Cost, greenwashing and jargon are among the top worries from consumers when choosing and buying sustainable products and materials for their home, according to new research.

Over half (52%) of people said they would like to buy products or materials for their home that are sustainable and have a positive impact on the environment but think these products are more expensive.

On top of this, 50 per cent worry that a company’s claims around the sustainability credentials of their products or materials for their home may be misleading or inaccurate.


Unhooked Communications

The research, which questioned 2,015 adults and was commissioned by specialist construction and home interiors PR agency Unhooked Communications, also found that 27% of consumers don’t know where to check the information and proof of sustainability claims for products or materials for their home.

Furthermore, nearly a quarter (23%) said they don’t understand the language and terminology used by businesses to explain the sustainability credentials of their products or materials.


Knowledgeable buyers

However, the research found that people do want to make informed choices when buying products and materials for their home. Nearly two-thirds (62%) said they would be likely to check the sustainability or environmental impact of appliances before buying them, over half (54%) said they’d check before buying building materials, and 53% said they’d check before buying home furnishings.

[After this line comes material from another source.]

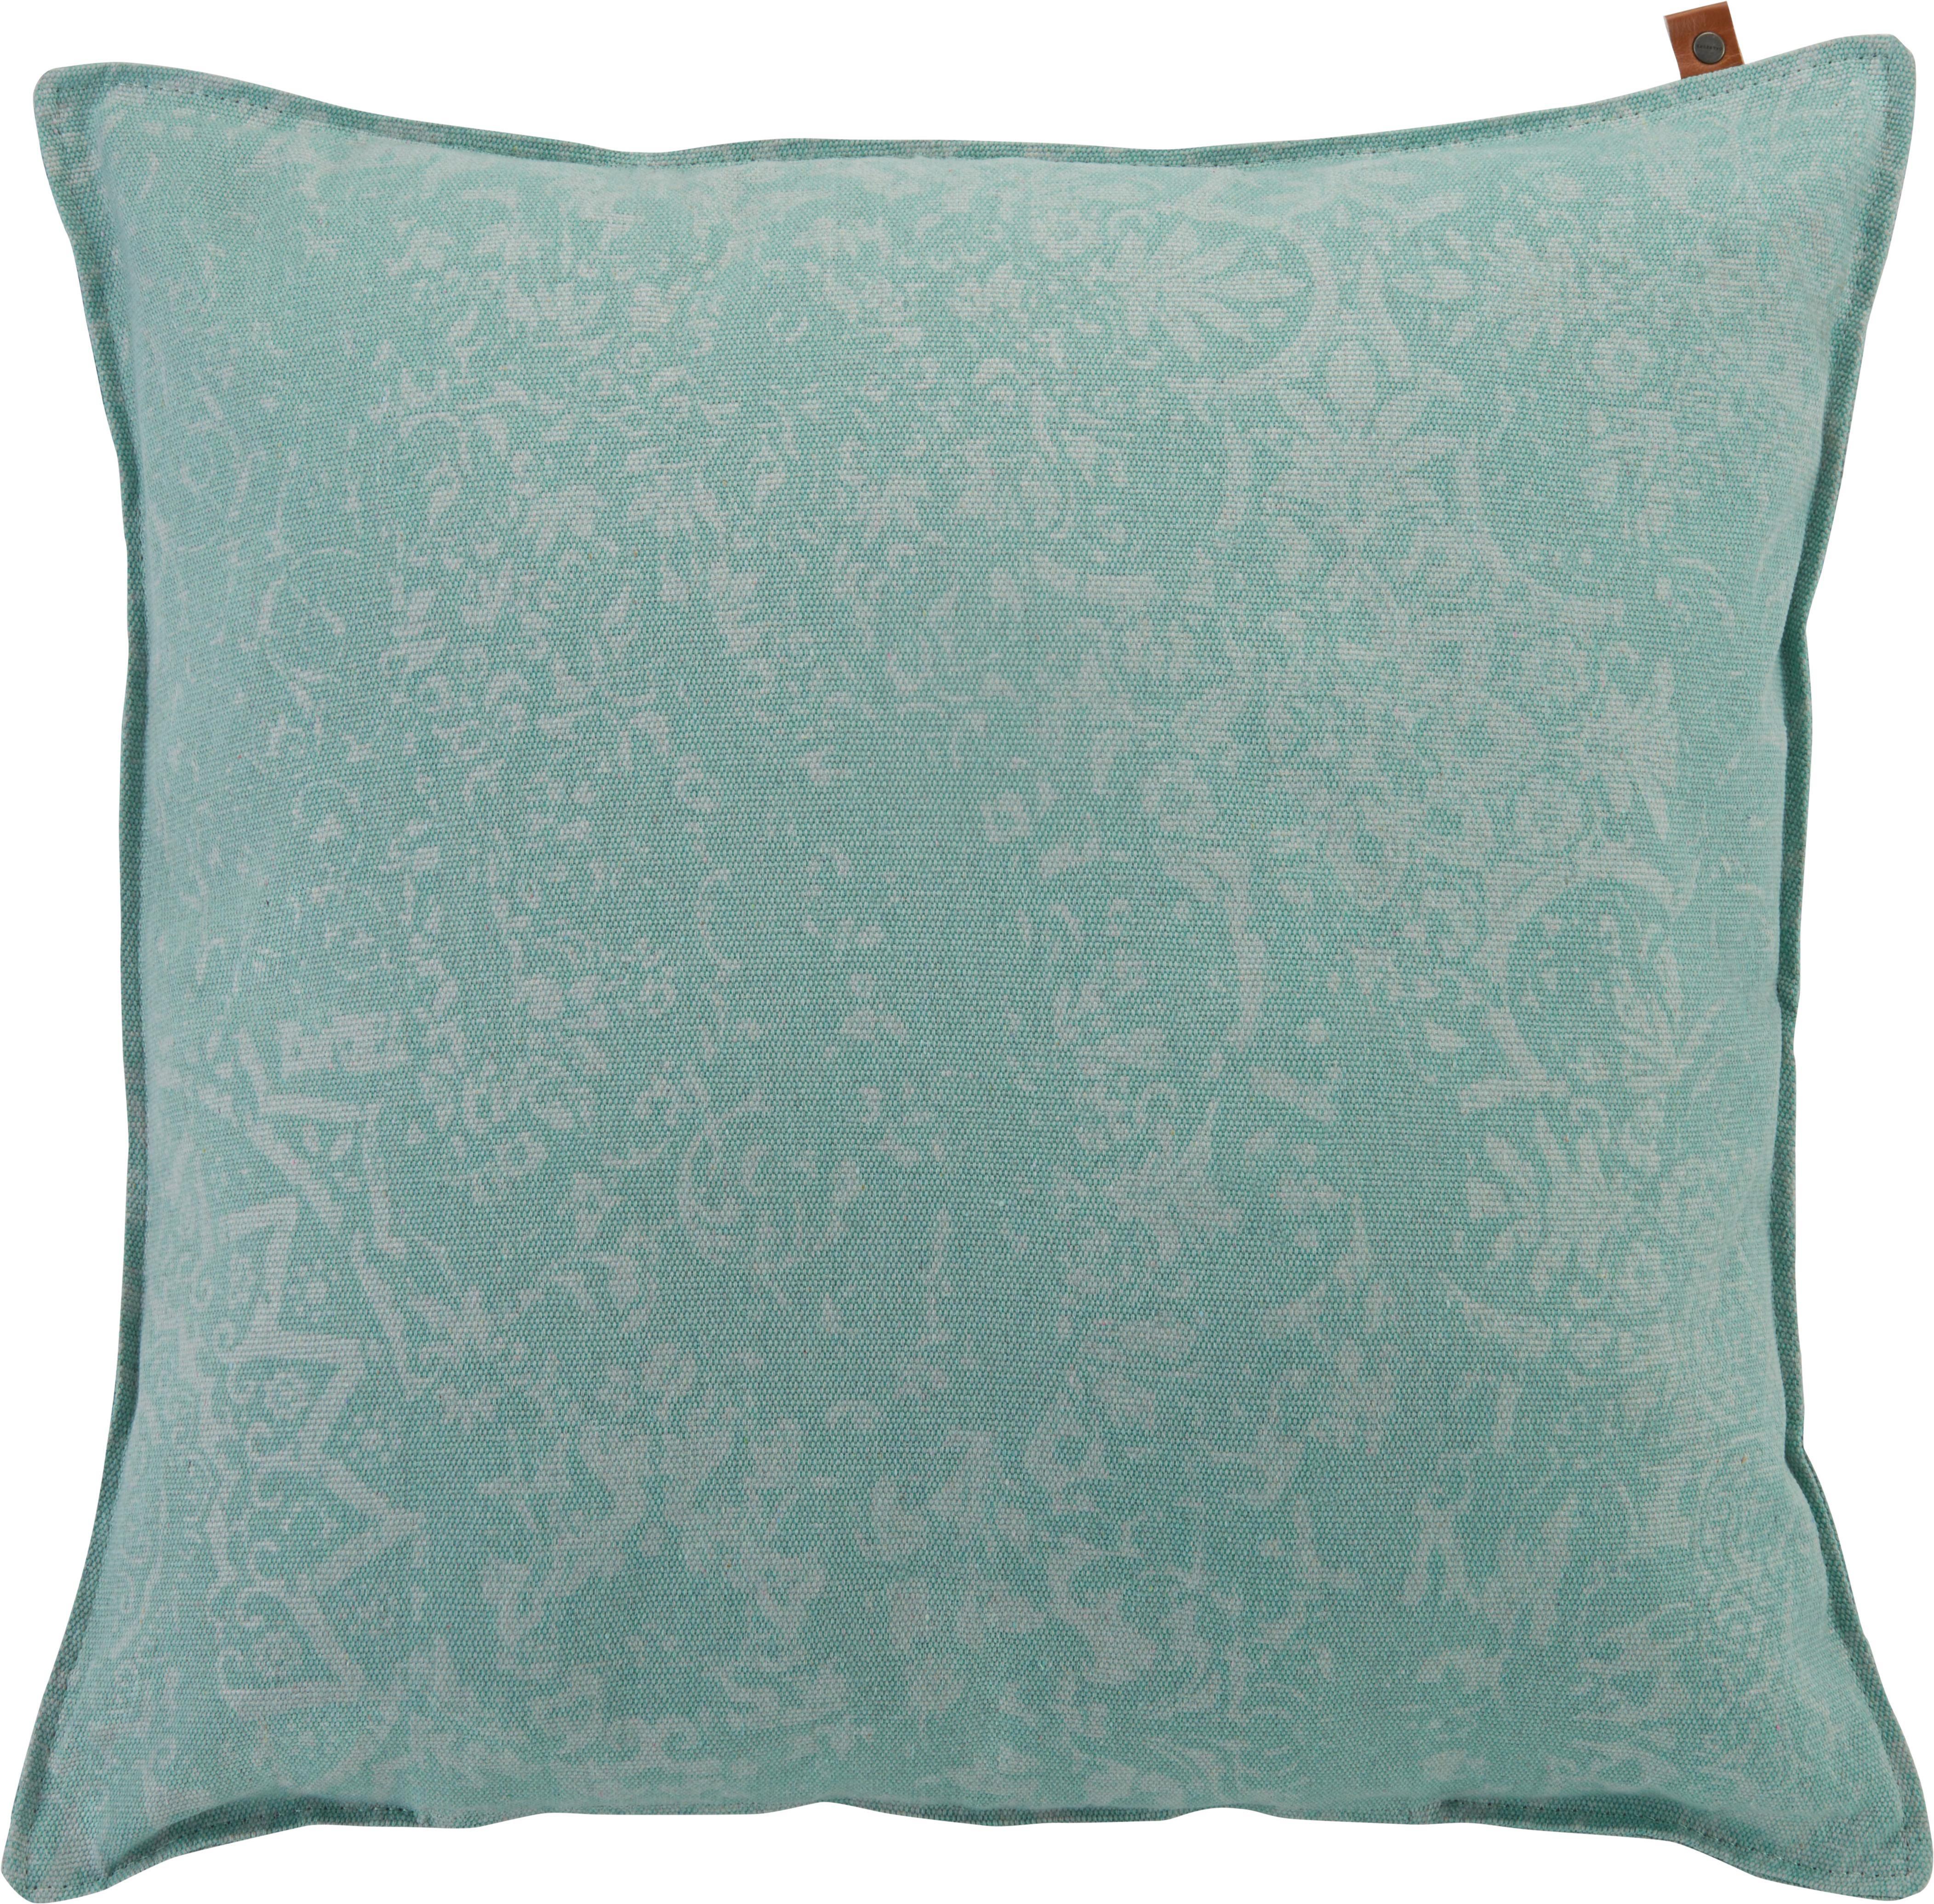 Zierkissen Karim 60x60cm - Mintgrün, MODERN, Textil (60/60cm)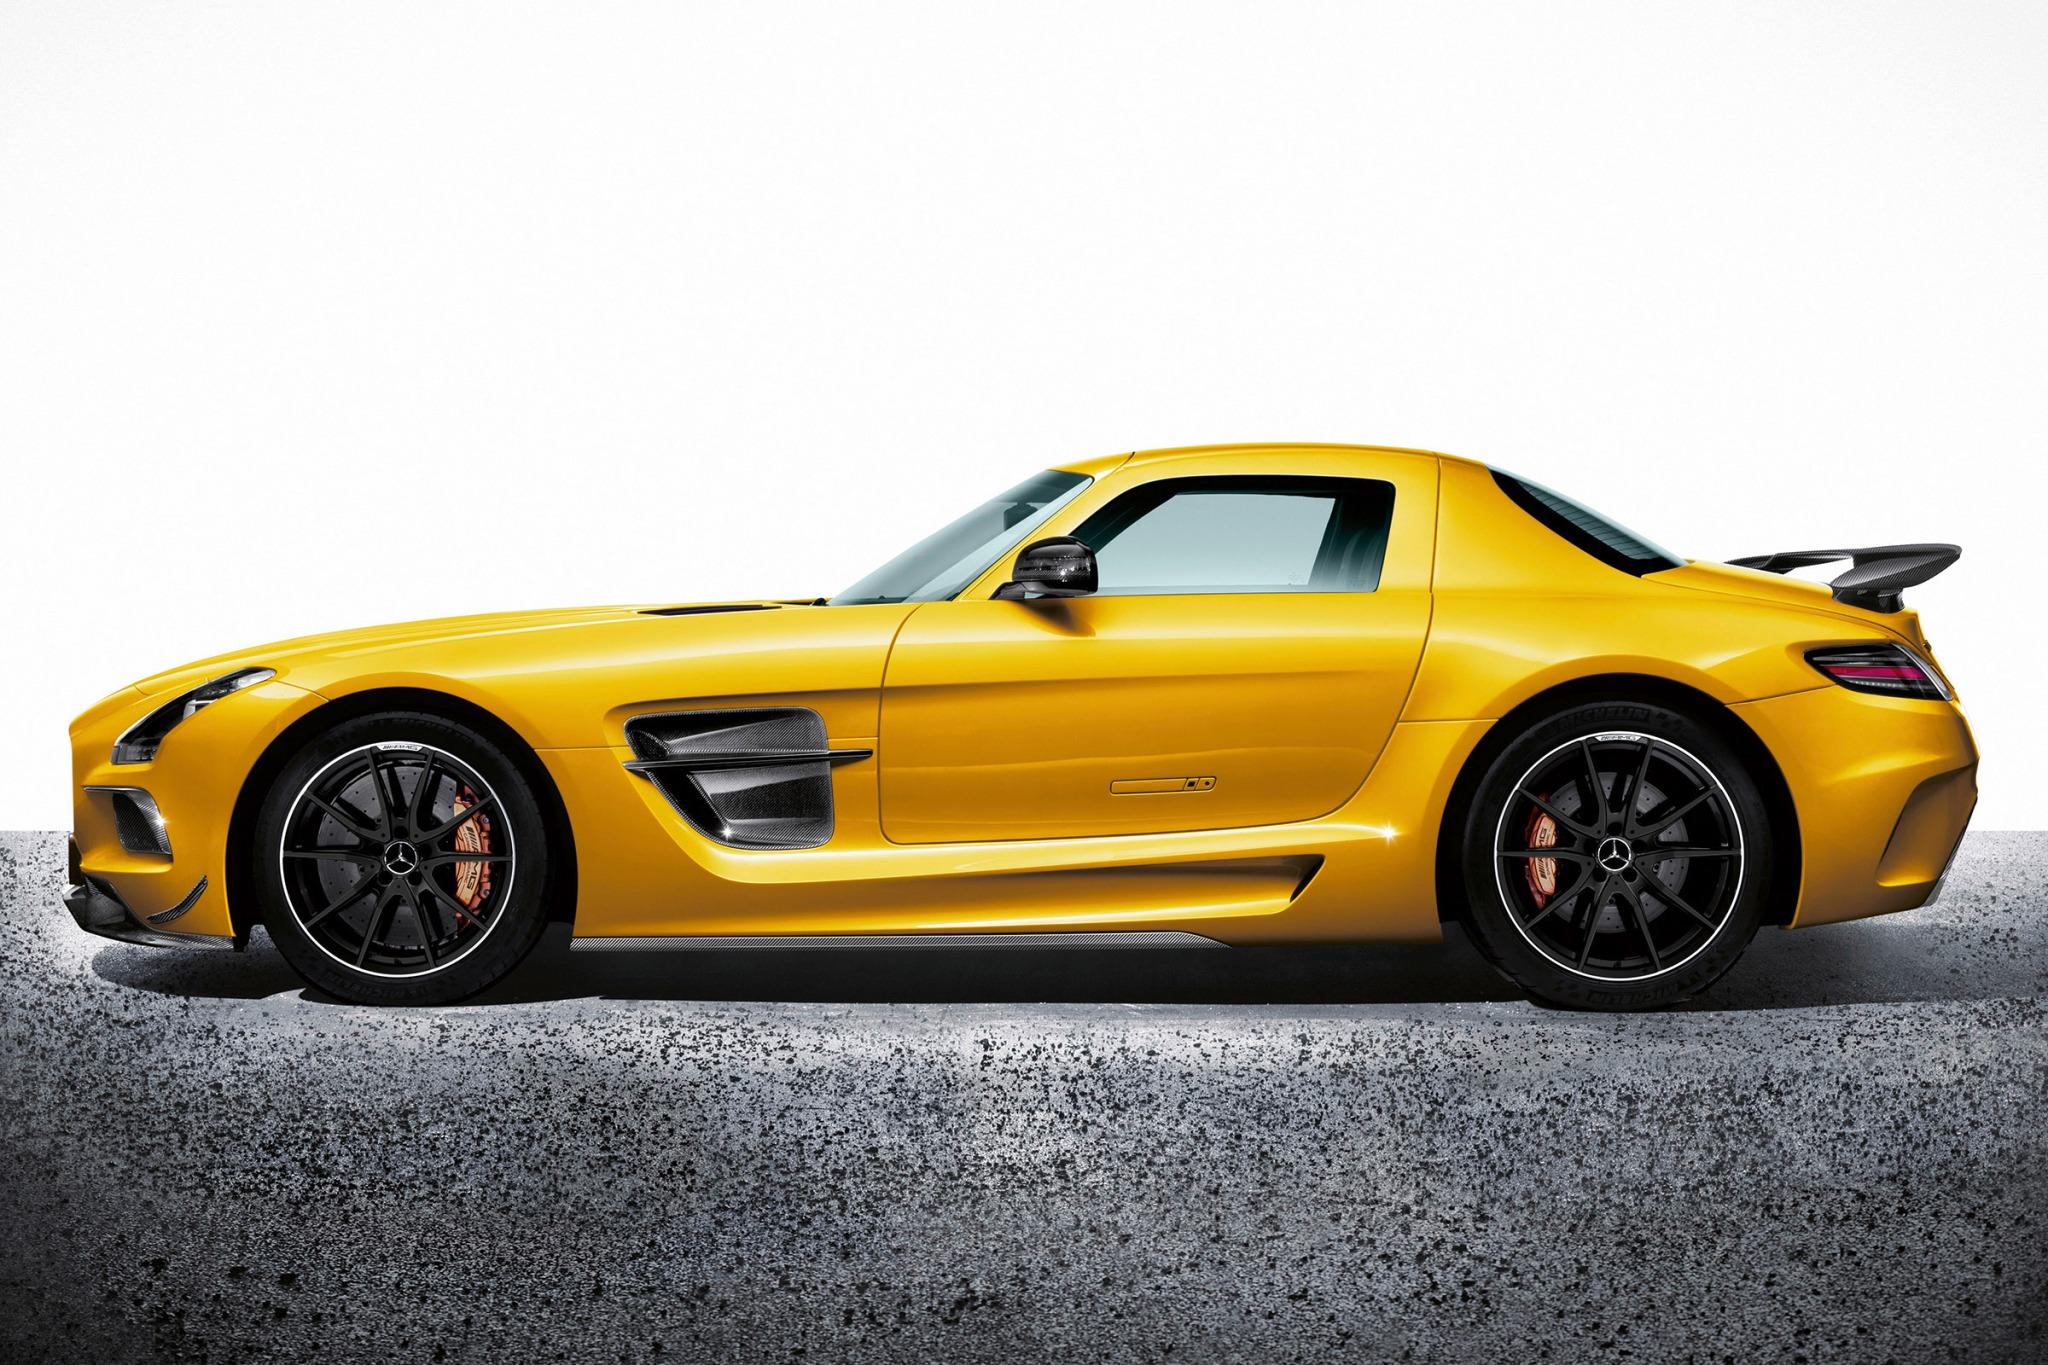 2014 mercedes benz sls amg gt image 2 - Mercedes sls amg gt coupe ...

When it comes to checking information about the sustainability or environmental impact of products, there are multiple sources consumers use. A third would check a brand’s own website, nearly a quarter (23%) would look at review sites, 22% social media, 19% packaging and 16% news stories.

Claire Gamble, managing director of Unhooked Communications, says: “Our research shows that for nearly half of consumers (47%) buying products or materials for their home, it’s important to buy from sustainable businesses that reduce their impact on the environment. However, there is some confusion and worries around making sustainable choices for the home.”



Gamble adds: “Before businesses start considering their PR strategies to communicate their environmental and sustainability credentials, firstly they need to make sure they’re operating in a way that genuinely benefits the planet and people, from their business operations and Environmental, Social and Governance (ESG) policies through to their manufacturing methods and investment strategies. Secondly, businesses need to have clear evidence to back up what they’re doing, whether its testing and data to support the energy efficiency claims of their products and materials or regularly monitoring and measuring improvements in other areas of their business, such as recycling and reducing carbon footprint.

 “Our research shows shoppers will check several sources when researching the sustainability credentials of products and materials for the home. It’s therefore important for businesses in the construction and home interiors industries to have consistent messaging and proof points across multiple channels, including their website and social media, as well as third party channels, such as review sites and media outlets. Awards and accreditations can also help to build trust and credibility.”


Picture: Consumers are making it plain they do not like to be made to feel unsure about cost and mislead via greenwashing and jargon.